Claudia mencatat semuanya. Dengan matanya yang tajam seperti belati.
“Bosan?” tanyanya saat pesta mulai sepi, dan Paijo duduk sendiri di dekat minibar, memainkan gelas kosong.
Paijo menggeleng. “Tidak, hanya sedikit capek.”
Claudia berjalan pelan, hak stilettonya memecah keheningan karpet mahal. Ia berdiri di hadapan Paijo, menyandarkan tubuhnya ke pinggiran meja, menatap pria itu tanpa berkedip.
"Capek bukan gaya kamu," katanya pelan. “Kamu Paijo. Atau… siapa sekarang? Joe? Alvarez?”
Paijo terdiam. Nama-nama itu, saat disebut bersamaan, terdengar seperti vonis.
Claudia menyeringai kecil, sinis namun indah. “Dulu kamu datang padaku dengan mata lapar. Sekarang kamu menatapku seperti aku hanya... salah satu tamu dalam keramaian.”
“Aku tetap profesional, Madam,” jawab Paijo. Suaranya pelan, nyaris terdengar defensif.
“Profesional?” Claudia tertawa lirih. “Kamu bukan aktor bayaran, Jo. Kamu legenda. Mereka memesanmu bukan karena kamu tampan atau kuat. Tapi karena kamu... haus. Dan sekarang kamu kenyang.”
Paijo menunduk. Claudia benar. Dahulu, ia mendekati dunia ini dengan kelaparan akan uang, kekuasaan, dan penerimaan. Tapi sekarang, satu tatapan dari Suzy bisa membuatnya berpikir dua kali tentang semua ini.
Claudia menunduk sedikit, suaranya berubah pelan, hampir rapuh. “Siapa dia?”
“Apa maksud Madam?”
“Jangan bermain bodoh.” Claudia menghela napas panjang. “Ada yang mengubah kamu. Kamu jadi lebih pelan, lebih lembut... lebih berat. Kamu mulai memandang dunia ini seperti beban. Dulu kamu menikmatinya.”
Paijo tak menjawab. Ia hanya memandangi pantulan dirinya di kaca minibar, seolah mencoba mencari siapa dirinya sebenarnya sekarang.
Claudia berdiri tegak. Nada suaranya kembali dingin. “Kamu pikir kamu bisa keluar dari dunia ini begitu saja?”
Paijo menatapnya. “Saya tidak tahu.”
Claudia mencondongkan tubuh ke arahnya. “Kamu bukan pria biasa, Paijo. Dan perempuan yang kamu pikir bisa kamu bahagiakan… dia mungkin tidak akan tahan menghadapi sisi gelap kamu.”

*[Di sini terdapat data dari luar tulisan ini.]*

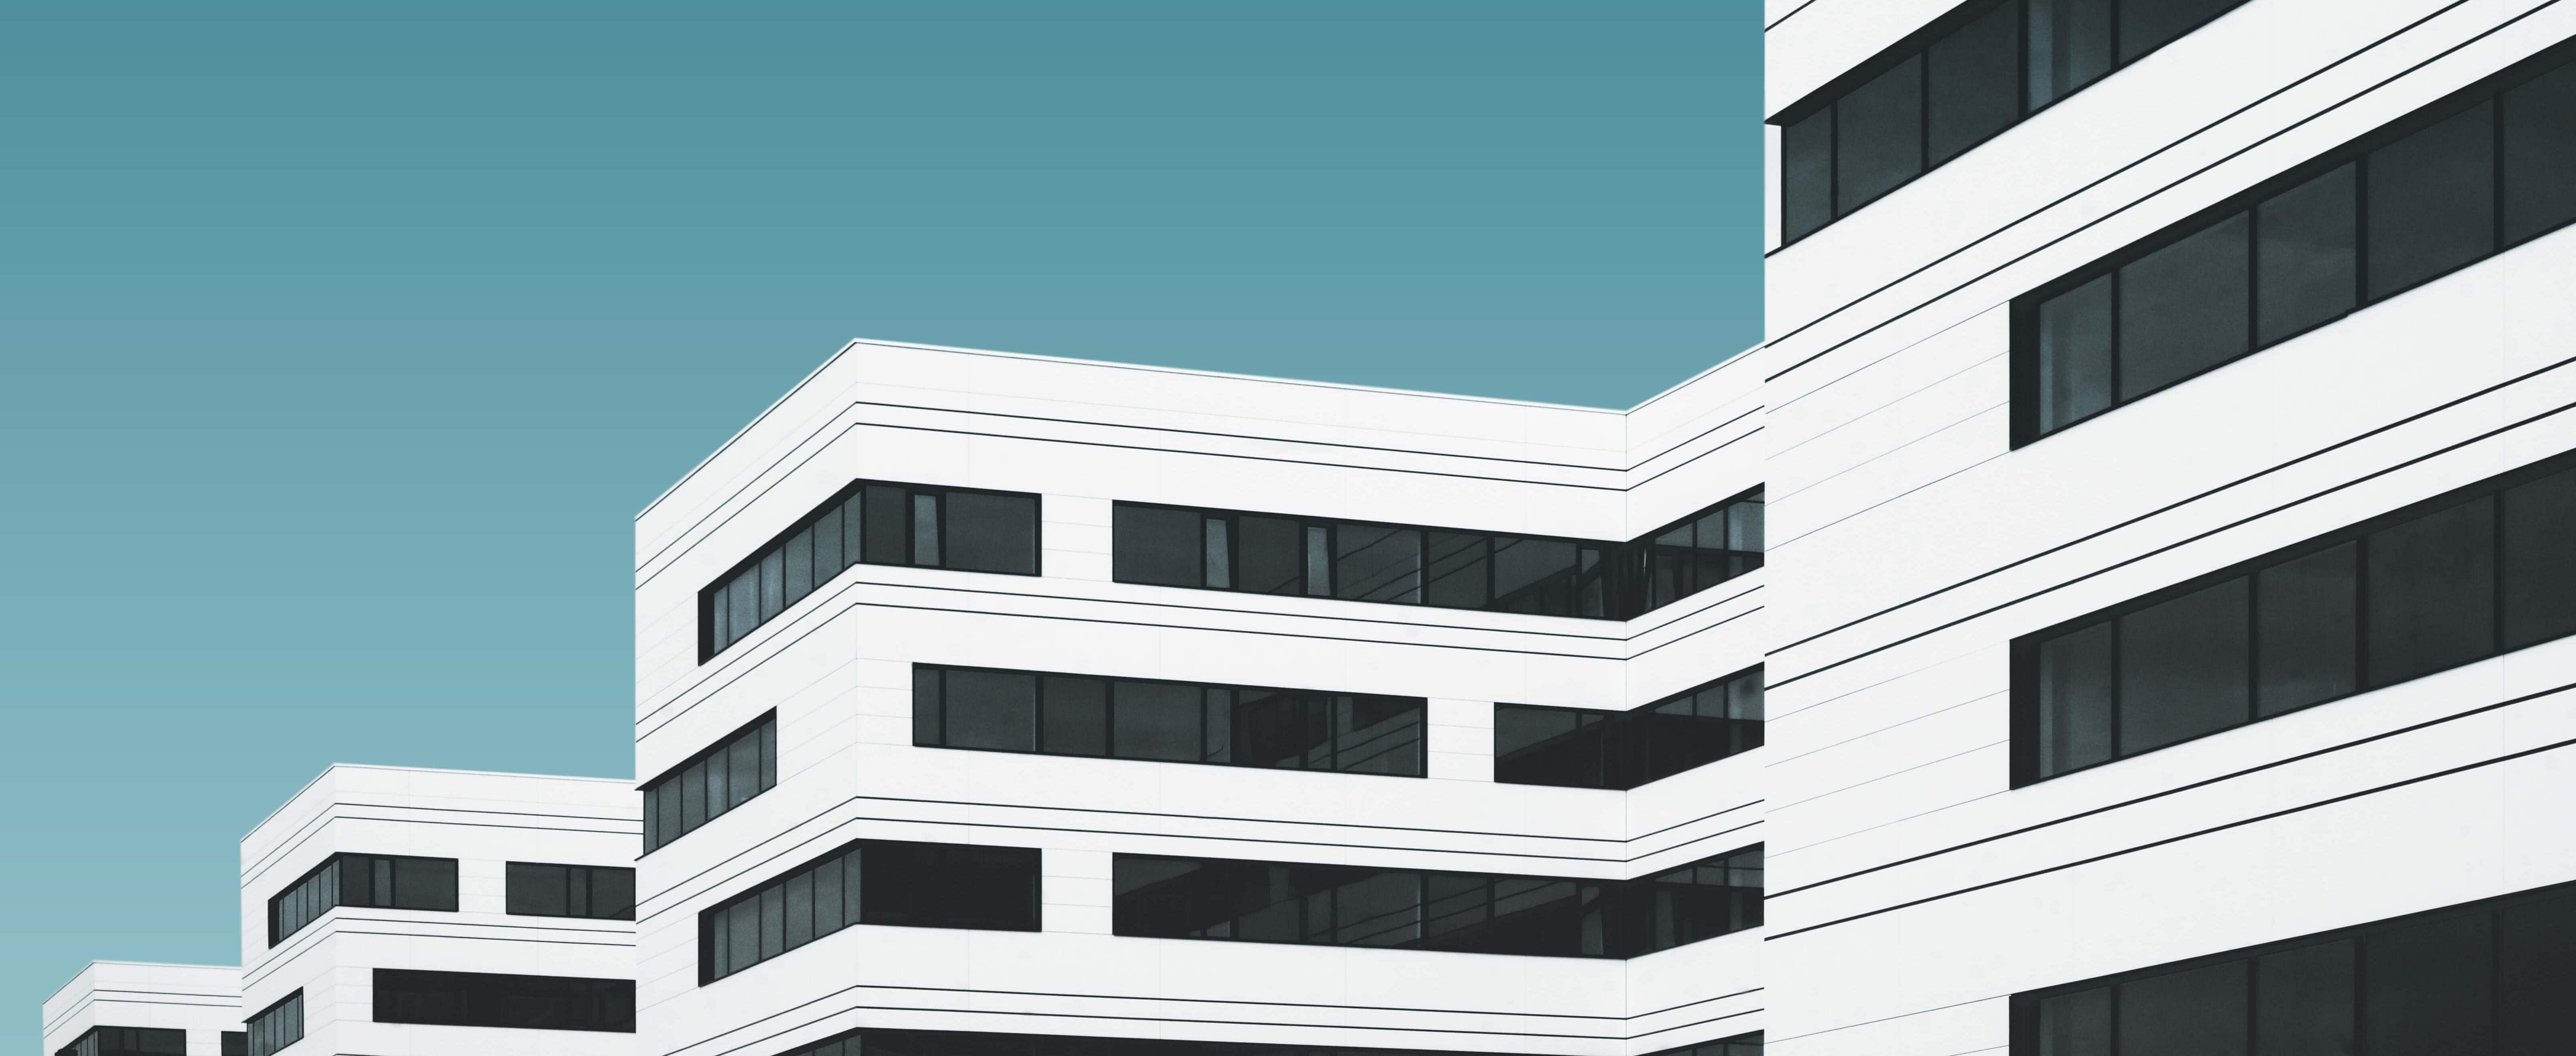 Hospital design patients

Untuk pertama kalinya malam itu, Paijo membalas tatapannya. Tidak marah, tidak juga takut—melainkan jujur.
“Kalau dia tahu siapa saya sebenarnya, dan tetap tinggal… mungkin itu berarti saya memang layak dicintai.”
Claudia terdiam.
Dalam diam itu, untuk pertama kalinya, dia merasa... kalah.
Bukan karena kehilangan kekasih. Tapi karena sadar, ia sedang kehilangan kendali atas seseorang yang tak pernah ia sadari telah menjadi lebih dari sekadar boneka indah dalam pesta-pestanya.
Claudia tidak langsung menyuruh asistennya menyelidiki. Ia terlalu cerdas untuk bergerak dengan gegabah.
Ia memilih metode lama yang lebih elegan dan memuaskan: observasi.
Malam itu, ia masuk ke ruang kerjanya yang hanya ia sendiri yang tahu kode pintunya. Sebuah ruangan dengan jendela tinggi dan koleksi parfum langka, arsip foto, dan komputer dengan jaringan pribadi.
Ia duduk di depan laptop. Menyeruput anggur putih dari gelas kristal, lalu mulai mencari satu demi satu foto-foto pesta, undangan, catatan tamu, bahkan unggahan media sosial yang diam-diam ia arsipkan sejak mengenal Paijo.
Dan di antara ratusan gambar, ia menemukan satu yang membuat jantungnya berdetak sedikit lebih cepat dari biasanya.
Foto Paijo duduk di kafe kecil, di seberang seorang wanita muda berambut panjang, mengenakan blouse putih dan jeans sederhana. Mereka tidak terlihat mesra. Tidak menyentuh. Tapi tatapan wanita itu... membuat Claudia tidak tenang.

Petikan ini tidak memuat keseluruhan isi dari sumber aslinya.